- _INFORMATION PROVIDED_:
* * * * * * *
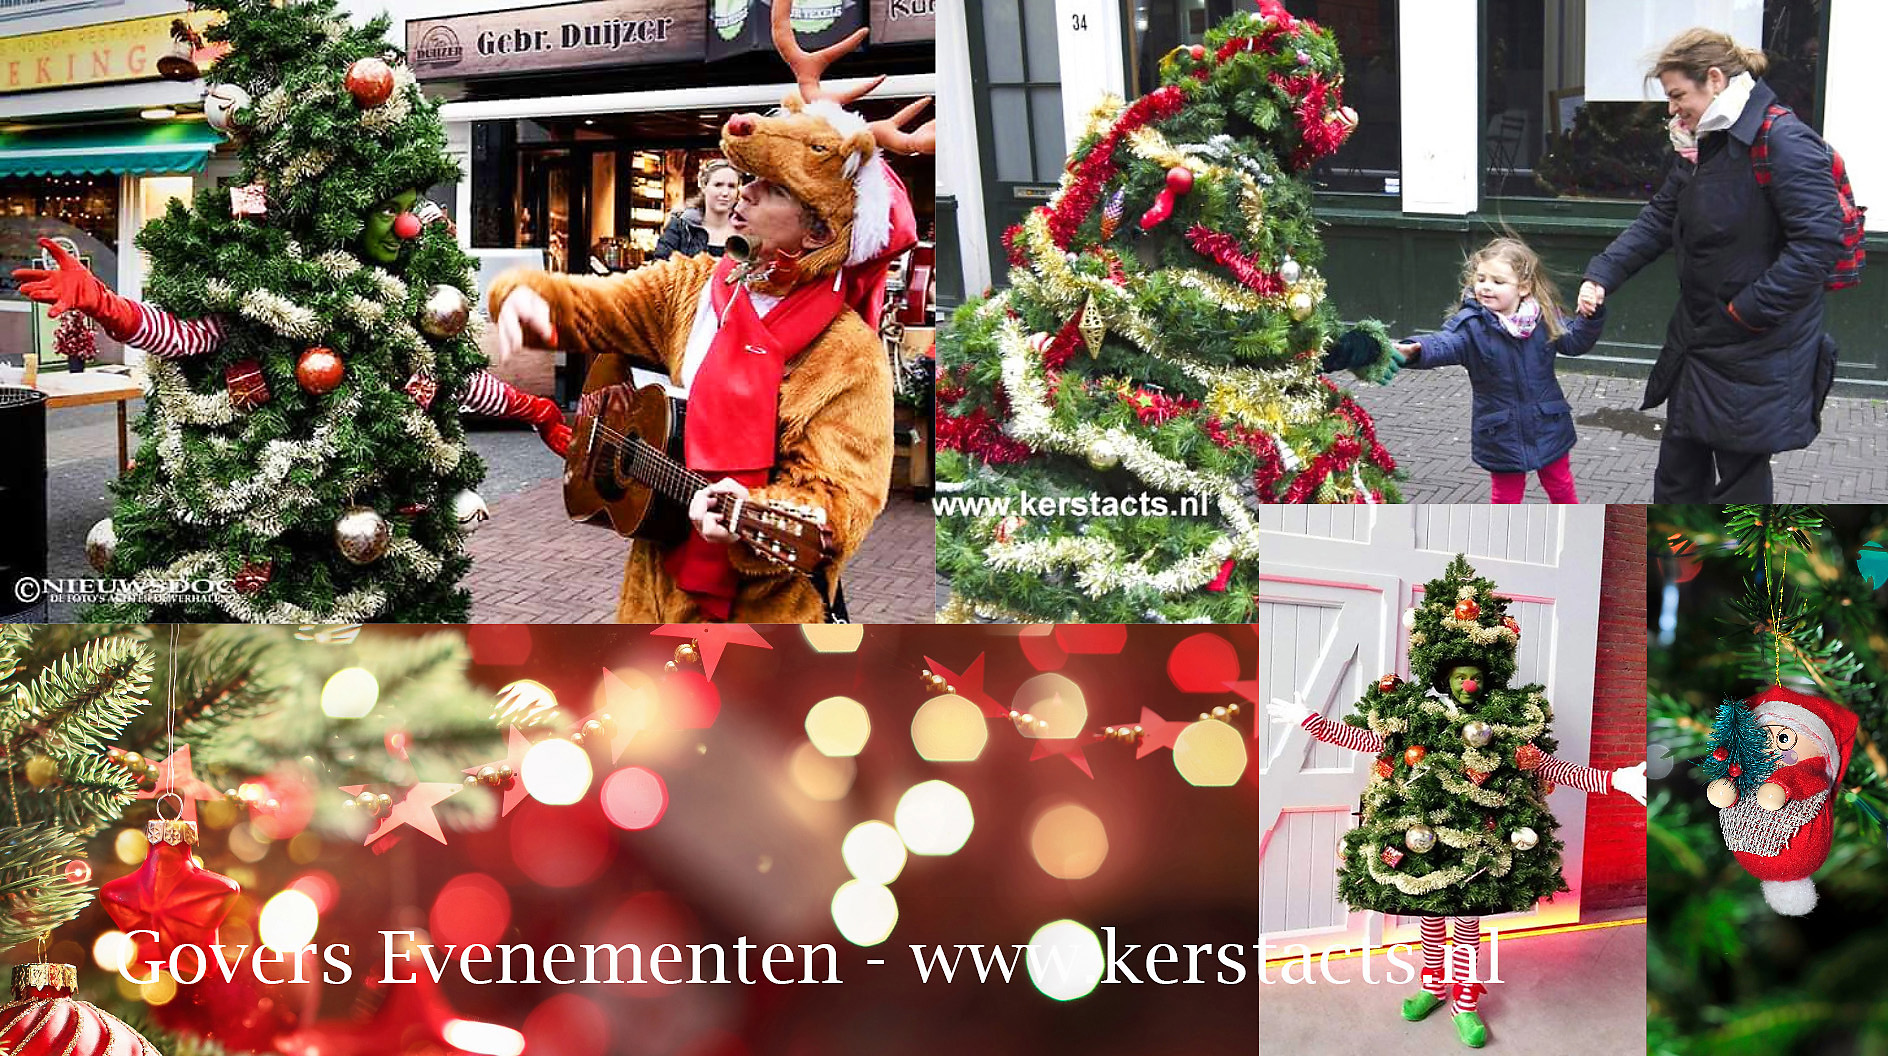 De wandelende kerstboom is kerstentertainment waar men heel vrolijk van wordt.. Jong en oud, kerstacts, thema kerst, artiesten boeken, www.kerstacts.nl
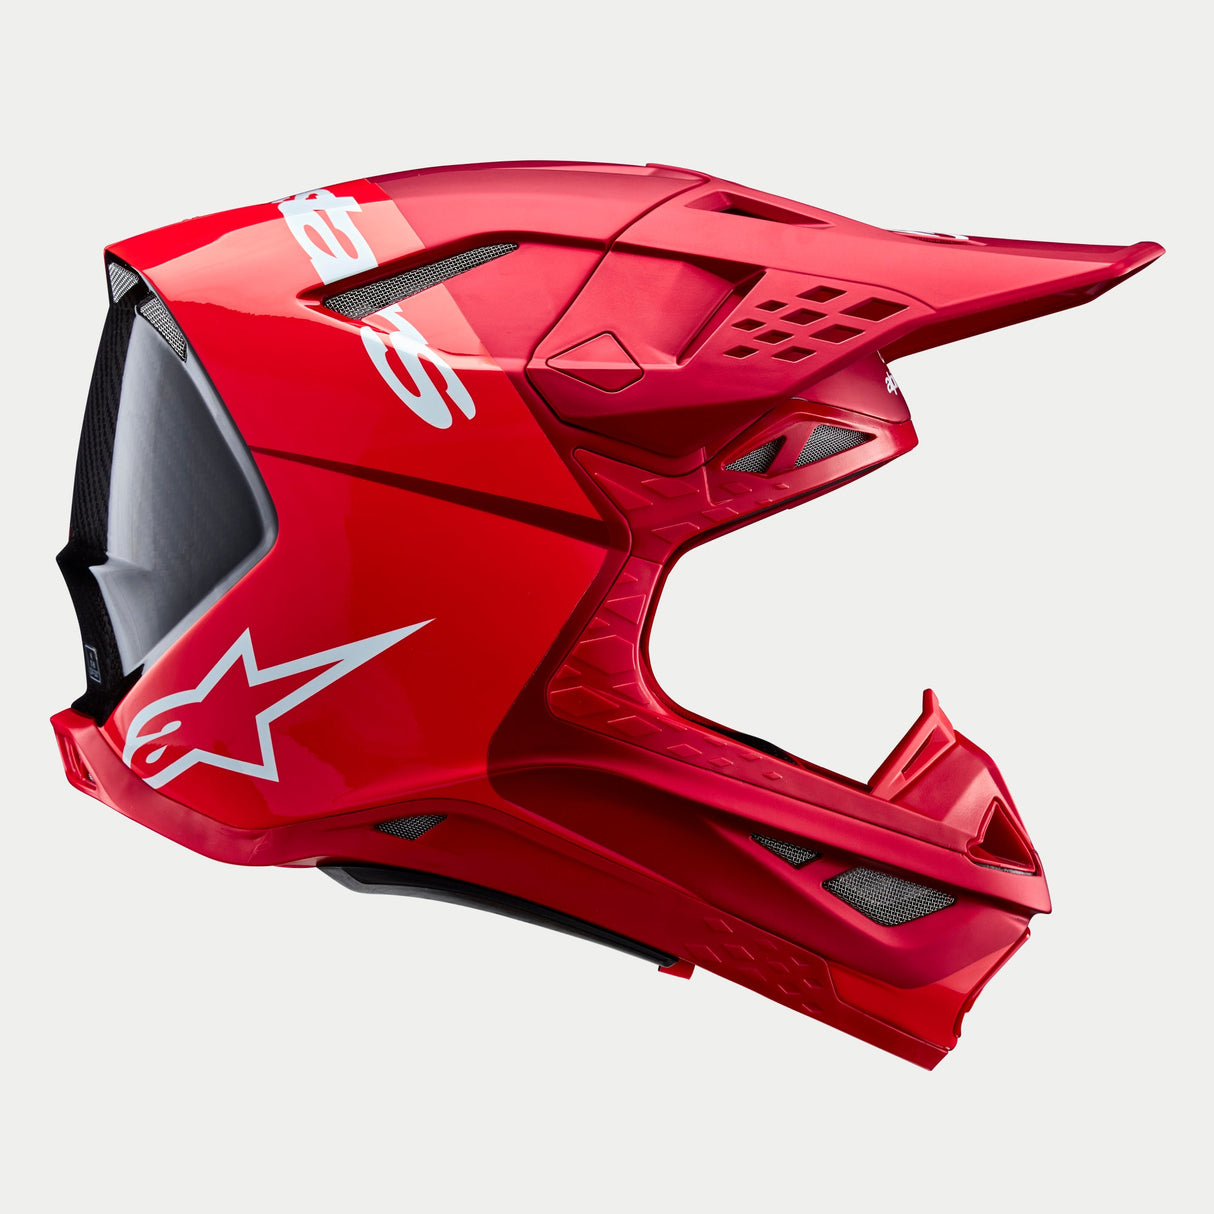 Alpinestars Supertech SM10 Flood Ece 22.06 Helmet - Fluro Red Matt and Gloss
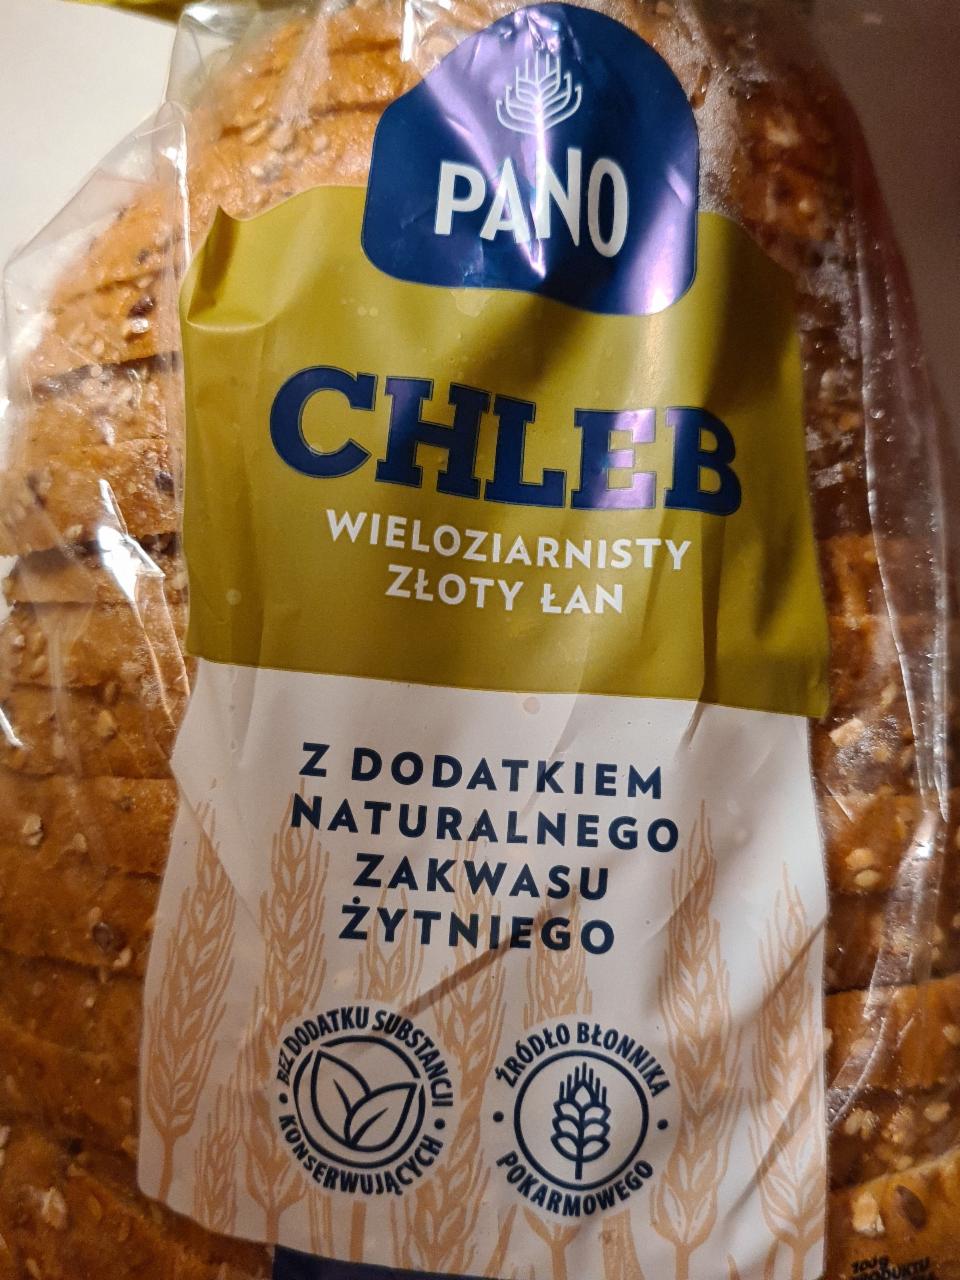 Фото - хлеб многозернистый Pano
* * * * * * *
- _ASSIGNMENT_: An exact printout of the listing is needed, minus any pictures it contains.

- _ANSWER SECTION_:
 De wandelende kerstboom is kerstentertainment waar men heel vrolijk van wordt.. Jong en oud, kerstacts, thema kerst, artiesten boeken, www.kerstacts.nl
 Alpinestars Supertech SM10 Flood Ece 22.06 Helmet - Fluro Red Matt and Gloss
 Фото - хлеб многозернистый Pano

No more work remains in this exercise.